Even during their interview with ThePrint, Neelam and Shekhar made no less than six calls to their legal team — they were keen to study the Ansals’ appeal against their conviction to prepare for their next trip to court.

According to Pahwa, it’s only because of the Uphaar judgment that we can feel comfortable in cinema halls today. The credit for implementing important safety protocols goes to the civil judgment, he says.

Martin Luther King Jr. at Uphaar

But Neelam Krishnamoorthy has set her sights on much-needed reform: She wants to campaign for the introduction of legislation on man-made disasters. This was something she had started in the early 2000s, but hasn’t been able to keep up with. The hope, she says, is that it becomes a blueprint to hold people accountable in case of disasters like Uphaar — which is something that’s missing from India’s legal framework.

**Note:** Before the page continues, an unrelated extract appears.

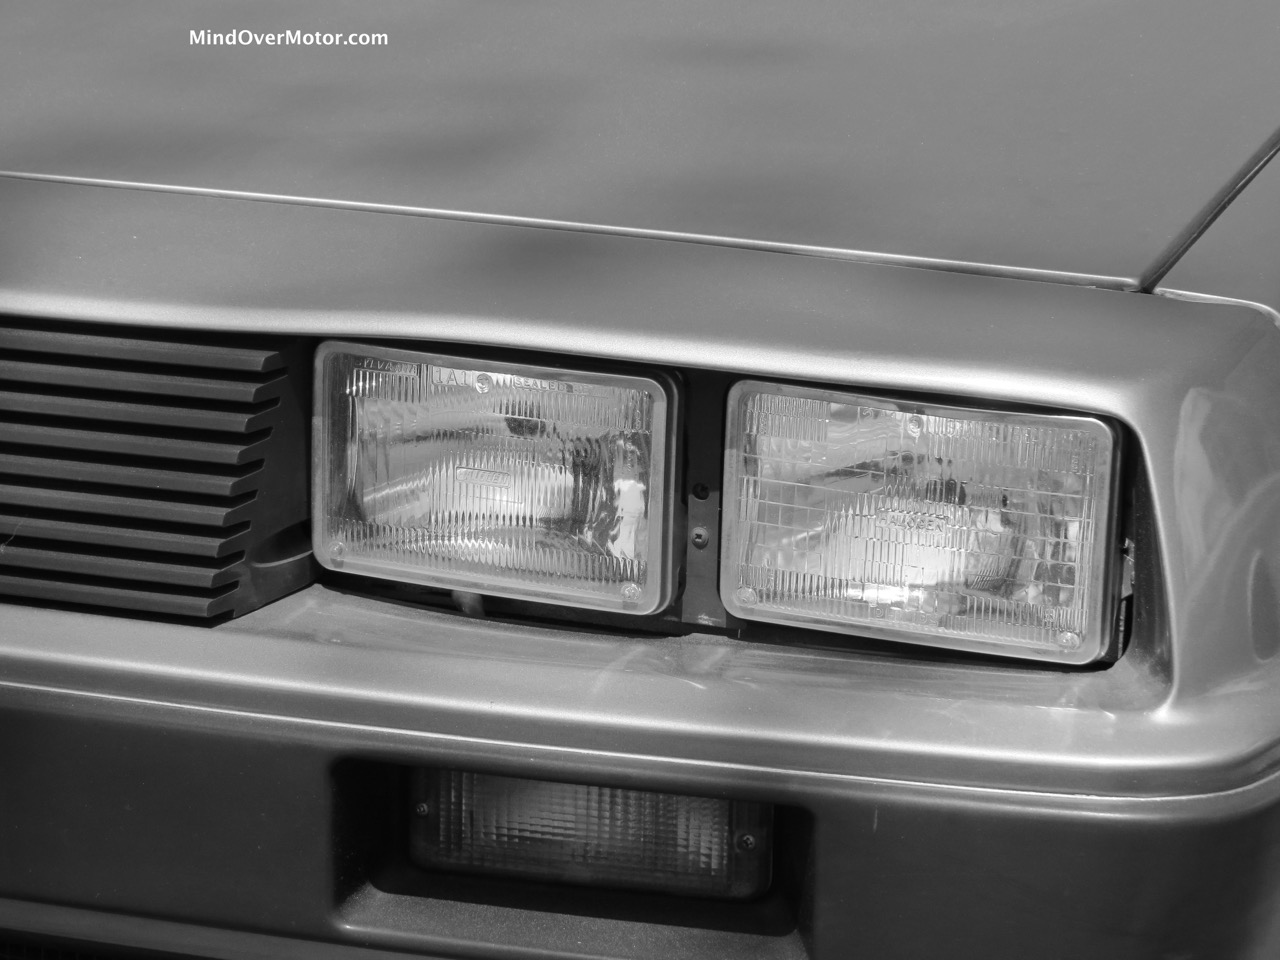 Turbocharged Delorean Lights

Survivors of other fire tragedies like the 2010 Carlton Towers fire in Bengaluru and 2011 AMRI Hospital fire in Kolkata have reached out to Neelam and Shekhar Krishnamoorthy for support.

In the Carlton Towers case, which claimed nine lives, no trial has been held in 11 years. They don’t have a Neelam to push things in court for them.

Smriti Upavan for Uphaar Cinema fire’s victims | Raghav Bikchandani | ThePrint

The current Uphaar site in Green Park remains in a dilapidated state, following numerous failed attempts by the Ansals to sell the property. But right across Uphaar, surrounded by overcrowded parked vehicles and cloud kitchens, is a sign that says “Smriti Upavan” — an entrance to a tiny park memorialising the victims of the tragedy. Maintained by AVUT and inaugurated by then-Delhi CM Sheila Dikshit in 1999, the park stands as the only public memorial of Krishnamoorthys’ children and other victims.

A Martin Luther King Jr. quote is on a wall: No, no, we are not satisfied and will not be satisfied until justice rolls down like water and righteousness like a mighty stream.